A typical example is a logger middleware. One might write:

T Function() logged<T>(T Function() cb) {
  return () {
    print('Before');
    final value = cb();
    print('After $value');
    return value;
  };
}

Then used as:

class Example {
  late final method = logged(() {
    return 42;
  }); 
}

The problem is:
Our logged util is bound to the T Function() prototype. It does not accept any other Function variants.
If we want a Example.method which takes parameters, we have to write a new logged ; such as loggedUnary / loggedBinary / ...

This is a common issue. For example we have Zone.current.bindCallback vs Zone.current.bindUnaryCallback vs Zone.current.bindBinaryCallback ...
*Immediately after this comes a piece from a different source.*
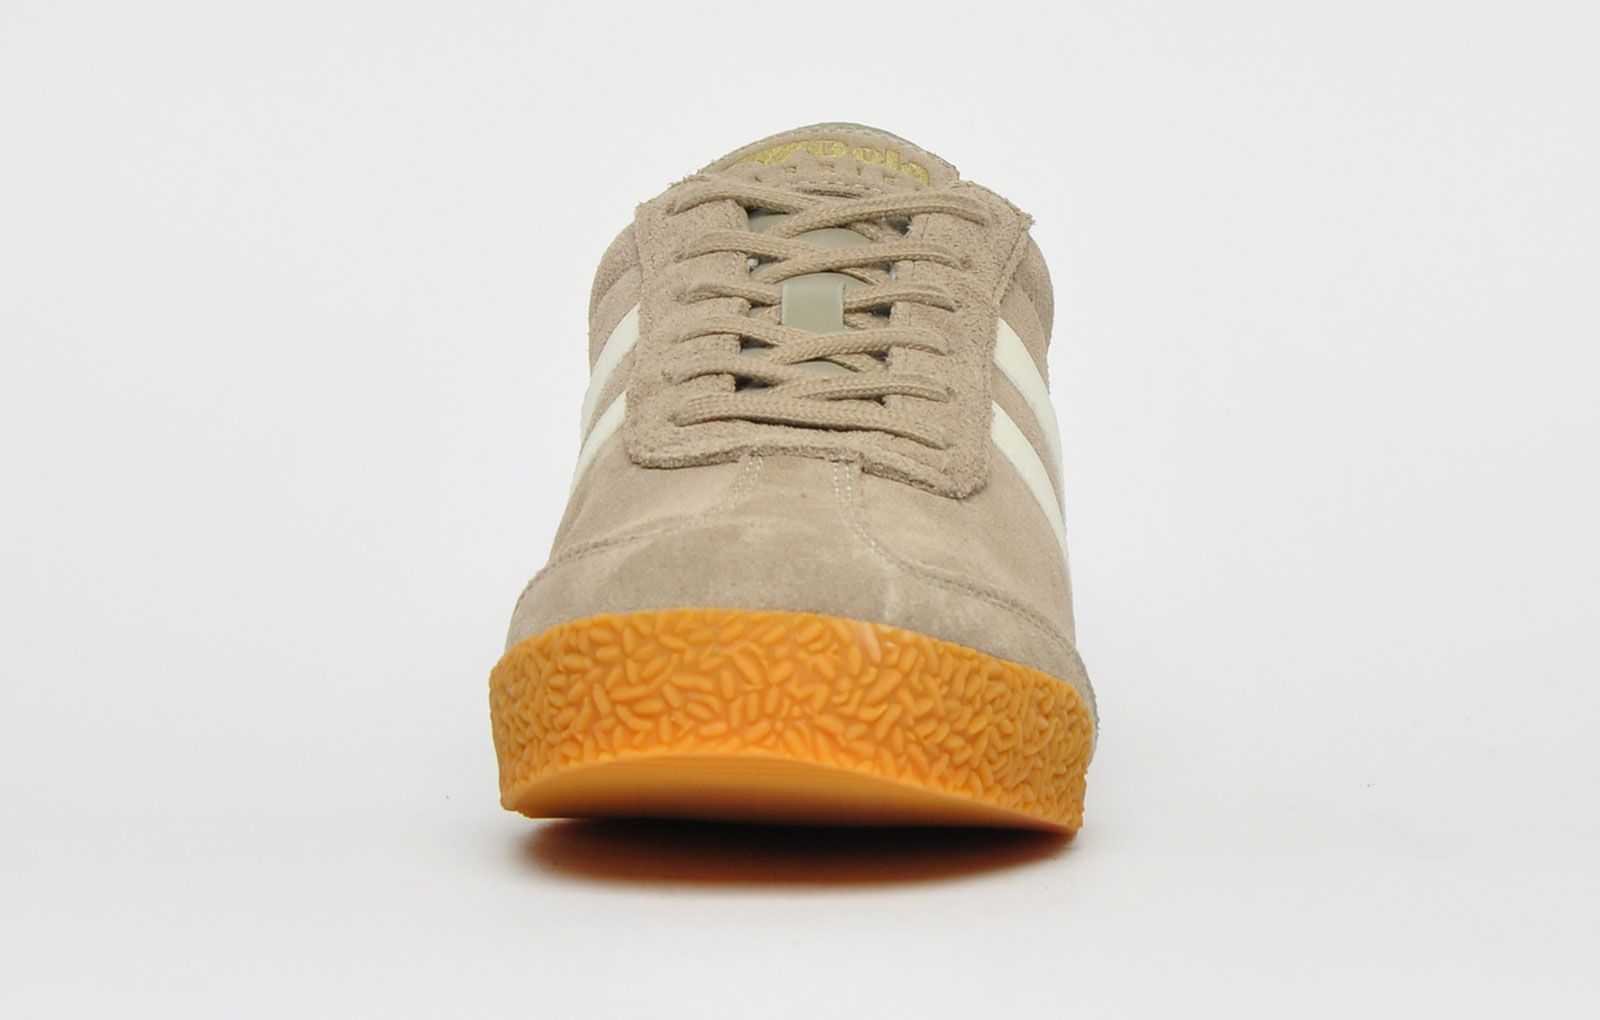 <p>These Gola Classics Harrier Suede men’s trainers are the perfect choice of footwear for casual days, delivering a timeless retro inspired design that oozes vintage charm that will enhance any casual outfit. Complete with a premium suede leather construction and intricate stitch detailing throughout to provide a five-star finish. </p> <p>- Gola Classics vintage silhouette</p> <p> - Secure lace up fastening delivers a snug fit </p> <p>- Premium suede leather upper delivers added flare</p> <p> - Intricate stitch detailing provides a five-star finish</p> <p> - Cushioned inner delivers a sumptuous wear </p> <p>- Durable outsole provides added traction</p> <p> - Gola Classics branding throughout</p>

Proposal: Make all Functions have a compose method, and add a TypedFunction<Return, Arg> interface

The idea is that all functions would implement a new interface defined as:

// A new primitive, similar to Invocation but typed.
abstract class ArgumentList {}

abstract class TypedFunction<ReturnT, ArgsT extends ArgumentList> {
  TypedFunction<NewReturnT, ArgsT> compose<NewReturnT>(
    NewReturnT Function(
      ReturnT Function(ArgsT args),
      ArgT args,
    ) cb,
  );

 // Not variadic arguments. I'm just using ... because I don't know what other syntax would fit
  ReturnT call(...ArgsT args);
}

Consider:

String nullary() => 0;
int unary(int a) => a;
int complex(int a, {required String b, double c = 42, bool? d}) => 42;

Those functions would implement TypedFunction as followed:

TypedFunction<String, _()> a = nullary;
TypedFunction<int, _(int)> b = unary;
TypedFunction<int, _(int, {required String b, double c = 42, bool? d})> b = complex;

Note:
The second generic type in this snippet isn't a Record! It's a new type that represents a subclass of ArgumentList.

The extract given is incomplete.